Your instructions :: Once you have located the line containing "d315649a2c817 IXS Trigger" in the material below, return it exactly along with each line after it through the line containing "Summer on Whistler".

Data extracts ::
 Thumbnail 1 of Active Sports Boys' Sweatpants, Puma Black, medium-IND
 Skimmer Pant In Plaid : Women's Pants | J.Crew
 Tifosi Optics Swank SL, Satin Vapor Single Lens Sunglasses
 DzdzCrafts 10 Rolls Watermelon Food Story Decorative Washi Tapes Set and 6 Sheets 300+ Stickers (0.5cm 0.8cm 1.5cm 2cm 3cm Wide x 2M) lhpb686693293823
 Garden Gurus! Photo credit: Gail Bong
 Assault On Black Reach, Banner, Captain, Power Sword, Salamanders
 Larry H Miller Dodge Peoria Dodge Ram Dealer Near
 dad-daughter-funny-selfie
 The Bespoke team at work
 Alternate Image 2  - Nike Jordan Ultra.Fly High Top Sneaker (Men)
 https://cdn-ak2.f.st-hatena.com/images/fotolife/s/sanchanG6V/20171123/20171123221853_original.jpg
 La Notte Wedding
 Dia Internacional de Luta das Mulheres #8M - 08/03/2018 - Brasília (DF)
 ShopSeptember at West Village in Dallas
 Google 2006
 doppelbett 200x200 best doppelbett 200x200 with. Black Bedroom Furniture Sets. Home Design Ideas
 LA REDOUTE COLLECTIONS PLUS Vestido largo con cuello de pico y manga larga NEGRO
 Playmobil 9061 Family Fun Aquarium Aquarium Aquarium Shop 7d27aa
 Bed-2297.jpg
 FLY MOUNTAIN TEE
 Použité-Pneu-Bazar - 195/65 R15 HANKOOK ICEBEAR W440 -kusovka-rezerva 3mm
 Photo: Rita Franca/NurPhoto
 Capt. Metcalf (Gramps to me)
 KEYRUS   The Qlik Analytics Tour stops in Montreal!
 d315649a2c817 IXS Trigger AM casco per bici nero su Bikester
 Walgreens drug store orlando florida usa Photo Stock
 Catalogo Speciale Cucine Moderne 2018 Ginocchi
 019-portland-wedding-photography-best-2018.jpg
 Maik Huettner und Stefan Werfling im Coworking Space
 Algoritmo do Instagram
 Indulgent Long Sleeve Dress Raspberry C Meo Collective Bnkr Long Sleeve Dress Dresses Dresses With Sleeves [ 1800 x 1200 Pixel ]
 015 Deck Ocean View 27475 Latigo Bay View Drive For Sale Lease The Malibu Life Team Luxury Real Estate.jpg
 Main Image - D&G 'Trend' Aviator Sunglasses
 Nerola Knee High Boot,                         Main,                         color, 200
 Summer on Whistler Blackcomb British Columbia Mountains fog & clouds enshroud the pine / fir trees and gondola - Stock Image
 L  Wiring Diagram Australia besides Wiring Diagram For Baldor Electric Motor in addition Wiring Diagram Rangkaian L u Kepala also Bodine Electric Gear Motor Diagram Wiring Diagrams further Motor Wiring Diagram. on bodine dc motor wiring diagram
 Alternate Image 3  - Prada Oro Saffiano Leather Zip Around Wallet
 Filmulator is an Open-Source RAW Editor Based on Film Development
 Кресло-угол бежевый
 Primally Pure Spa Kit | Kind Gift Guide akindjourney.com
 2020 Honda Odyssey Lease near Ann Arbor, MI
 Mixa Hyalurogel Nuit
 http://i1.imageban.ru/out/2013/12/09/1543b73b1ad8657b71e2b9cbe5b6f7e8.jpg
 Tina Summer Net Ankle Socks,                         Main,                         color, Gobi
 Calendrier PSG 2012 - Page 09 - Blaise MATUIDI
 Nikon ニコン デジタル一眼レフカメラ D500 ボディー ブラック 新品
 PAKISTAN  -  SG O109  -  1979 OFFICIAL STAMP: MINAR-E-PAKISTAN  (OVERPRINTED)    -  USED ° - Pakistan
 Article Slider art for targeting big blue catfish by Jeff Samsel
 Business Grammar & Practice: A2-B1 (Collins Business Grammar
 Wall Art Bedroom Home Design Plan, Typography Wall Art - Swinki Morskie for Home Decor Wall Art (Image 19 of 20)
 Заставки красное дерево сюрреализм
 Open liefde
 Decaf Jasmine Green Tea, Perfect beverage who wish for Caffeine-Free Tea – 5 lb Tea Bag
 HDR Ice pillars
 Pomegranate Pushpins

Written response ::
 d315649a2c817 IXS Trigger AM casco per bici nero su Bikester
 Walgreens drug store orlando florida usa Photo Stock
 Catalogo Speciale Cucine Moderne 2018 Ginocchi
 019-portland-wedding-photography-best-2018.jpg
 Maik Huettner und Stefan Werfling im Coworking Space
 Algoritmo do Instagram
 Indulgent Long Sleeve Dress Raspberry C Meo Collective Bnkr Long Sleeve Dress Dresses Dresses With Sleeves [ 1800 x 1200 Pixel ]
 015 Deck Ocean View 27475 Latigo Bay View Drive For Sale Lease The Malibu Life Team Luxury Real Estate.jpg
 Main Image - D&G 'Trend' Aviator Sunglasses
 Nerola Knee High Boot,                         Main,                         color, 200
 Summer on Whistler Blackcomb British Columbia Mountains fog & clouds enshroud the pine / fir trees and gondola - Stock Image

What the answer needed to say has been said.